Gli inibitori delle calcineurine (CNI), soprattutto il tacrolimus (TAC), in associazione al MMF (1-2 g/die) costituiscono un’altra alternativa per la terapia iniziale e sono raccomandati principalmente nei pazienti con proteinuria in range nefrosico. Sono controindicati in presenza di malattia renale cronica, di alto indice di cronicità alla biopsia renale e di scarso controllo pressorio. In diversi studi i CNI determinano una remissione completa simile alla CYC ev e al MMF; inoltre, in uno studio randomizzato cinese di 362 pazienti, la combinazione di CNI e MMF, definita terapia multi-tagret, si è dimostrata superiore rispetto alla CYC nel breve termine. Non essendo ancora studiata nelle diverse etnie, la terapia multi-target non risulta ancora tra i farmaci raccomandati come prima linea [50, 51].

Nel gennaio ‘21 la US Food and Drug Administration (FDA) ha approvato l’utilizzo di voclosporina in aggiunta a steroidi e MMF per il trattamento dei pazienti con NL attiva. La voclosporina è un CNI di nuova generazione con una differenza aminoacidica rispetto alla ciclosporina A (CyA) che la rende 4 volte più efficace; presenta un’eliminazione più rapida dei metaboliti e conseguente minor esposizione agli effetti collaterali soprattutto in termini di tossicità renale e miglior controllo lipidico e glucidico rispetto a CyA e TAC rispettivamente [52]. Nello studio randomizzato di fase II AURA-LV su 265 pazienti l’utilizzo di voclosporina, in aggiunta a MMF e steroide, confrontato al placebo dimostrava maggior efficacia in termini di risposta completa a 6 mesi anche se associato a maggior incidenza di eventi avversi [53]. Nello studio successivo, uno studio randomizzato di fase IIII, controllato in doppio-cieco, sono stati studiati 357 pazienti affetti da NL attiva, di diverse etnie, sottoposti a terapia orale con voclosporina o placebo in associazione a MMF e steroide per os a basso dosaggio e con rapido decalage. I pazienti trattati con voclosporina hanno raggiunto la remissione completa in numero più significativo senza differenze di riduzione della funzione renale, aumento della pressione arteriosa o scarso controllo glicemico e lipidico [54]. Questo studio dimostra come voclosporina a basse dosi in associazione alla terapia immunosoppressiva standard può migliorare la prognosi dei pazienti con NL; i limiti di questo studio sono l’esclusione di pazienti con GFR < 45 ml/min e un breve follow-up per la valutazione della nefrotossicità [55]. Anche l’ocrelizumab, anticorpo umanizzato anti CD20, è stato studiato nella NL nello studio BELONG. Lo studio è stato però interrotto per comparsa di un numero significativo di infezioni severe nel gruppo trattato con l’anticorpo monoclonale rispetto al placebo anche se si associava a miglioramento dei livelli di complemento e di ds-DNA [56].

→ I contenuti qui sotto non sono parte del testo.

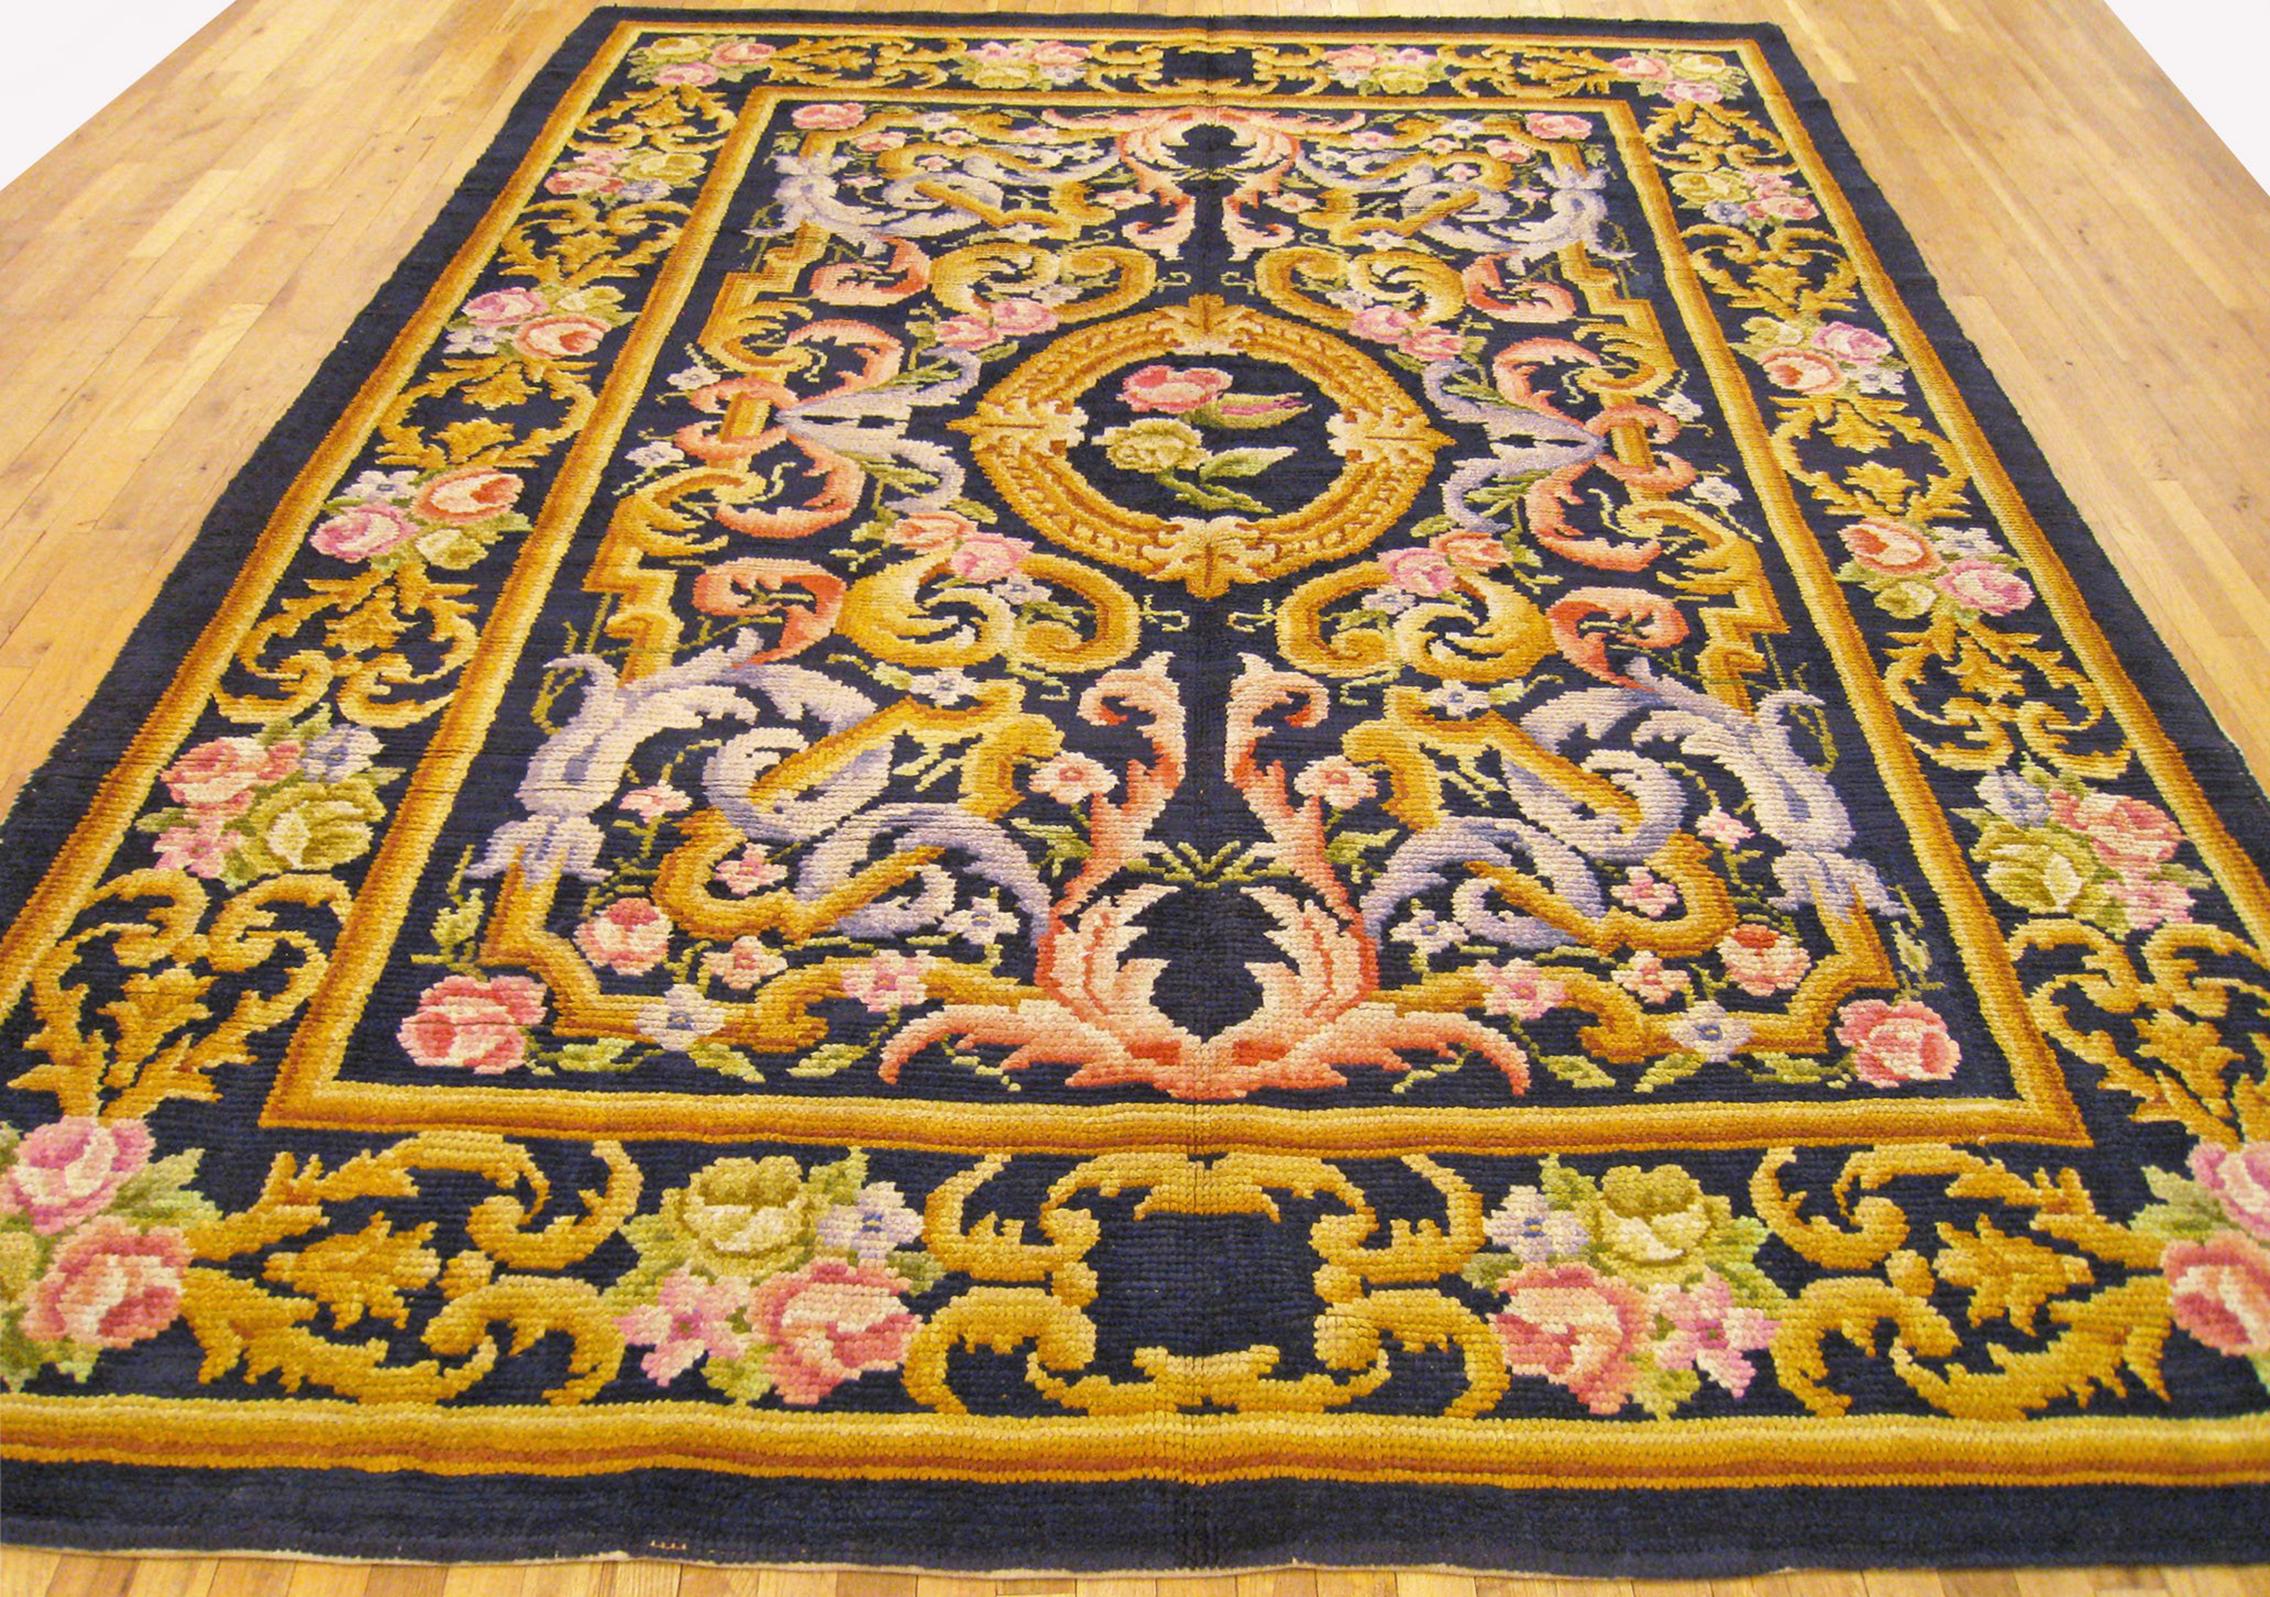 Vintage Spanish Savonnerie rug, Room size, circa 1930

A one-of-a-kind vintage Spanish Savonnerie oriental carpet, hand-knotted with soft wool pile. This lovely hand-knotted wool rug features a central medallion on the dark blue field, with a dark

Tra le alternative terapeutiche recentemente approvate nel LES c’è il belimumab, un anticorpo monoclonale umano che si lega al ‘B-cell activating factor’, BAFF, citochina coinvolta nella maturazione dei linfociti B. Questo farmaco è stato registrato per il trattamento del LES in associazione alla terapia standard grazie a una serie di studi controllati.  Nel BLISS-LN 448 pazienti con NL attiva sono stati trattati con belimumab (10 mg/kg) o placebo come terapia di induzione in associazione a MMF o CyC ev a bassa dose. Lo studio ha mostrato una risposta renale significativamente superiore nei pazienti trattati con belimumab rispetto al placebo; nei sottogruppi la significatività veniva raggiunta solo nei pazienti trattati con MMF, ma si manteneva nelle diverse etnie coinvolte. Il belimumab è il primo farmaco biologico che ha ottenuto risultati in termini di outcome primari e secondari. Esso può essere considerato in aggiunta alla terapia standard come steroid-sparing per ridurre le riacutizzazioni e come miglior controllo delle manifestazioni extrarenali [57-59].

Dopo un’adeguata terapia iniziale, è raccomandata la terapia di mantenimento o terapia successiva, che ha l’obiettivo di ridurre le recidive e consolidare la risposta terapeutica evitando le tossicità farmacologiche. Essa si basa sull’uso di steroidi per via orale a basso dosaggio (< 5-7,5 mg/die) in associazione a MMF come prima scelta (1-2 g/die o acido micofenolico 720-1440 mg/die) o AZA (1,5-2 mg/kg/die con dose massima di 150-200 mg/die) per 3-5 anni dopo la remissione completa. Nello studio MANTAIN non ci sono state differenze tra Aza e MMF in pazienti caucasici affetti da NL; nello studio ALMS condotto su diverse etnie il MMF si è dimostrato superiore rispetto ad AZA in termini di mortalità, progressione a ESKD, flares e necessità di terapia rescue. In alternativa a MMF e AZA, anche nella terapia di mantenimento sono indicati i CNI, in particolare nei pazienti con persistenza di elevati valori di proteinuria (TAC 4-6 ng/ml o CyA 60-100 nl/ml). Uno studio italiano randomizzato ha mostrato uguale efficacia di AZA e CyA come terapia di mantenimento nel prevenire le recidive in 75 pazienti con NL proliferativa trattati con boli di steroide e CYC per os come terapia di induzione e poi randomizzati a CyA o AZA per due anni; lo studio non ha mostrato differenze significative di funzione renale e controllo pressorio nei due gruppi. L’uso di CYC ev non è consigliato nel mantenimento in quanto meno efficace e più tossica [43, 60-66].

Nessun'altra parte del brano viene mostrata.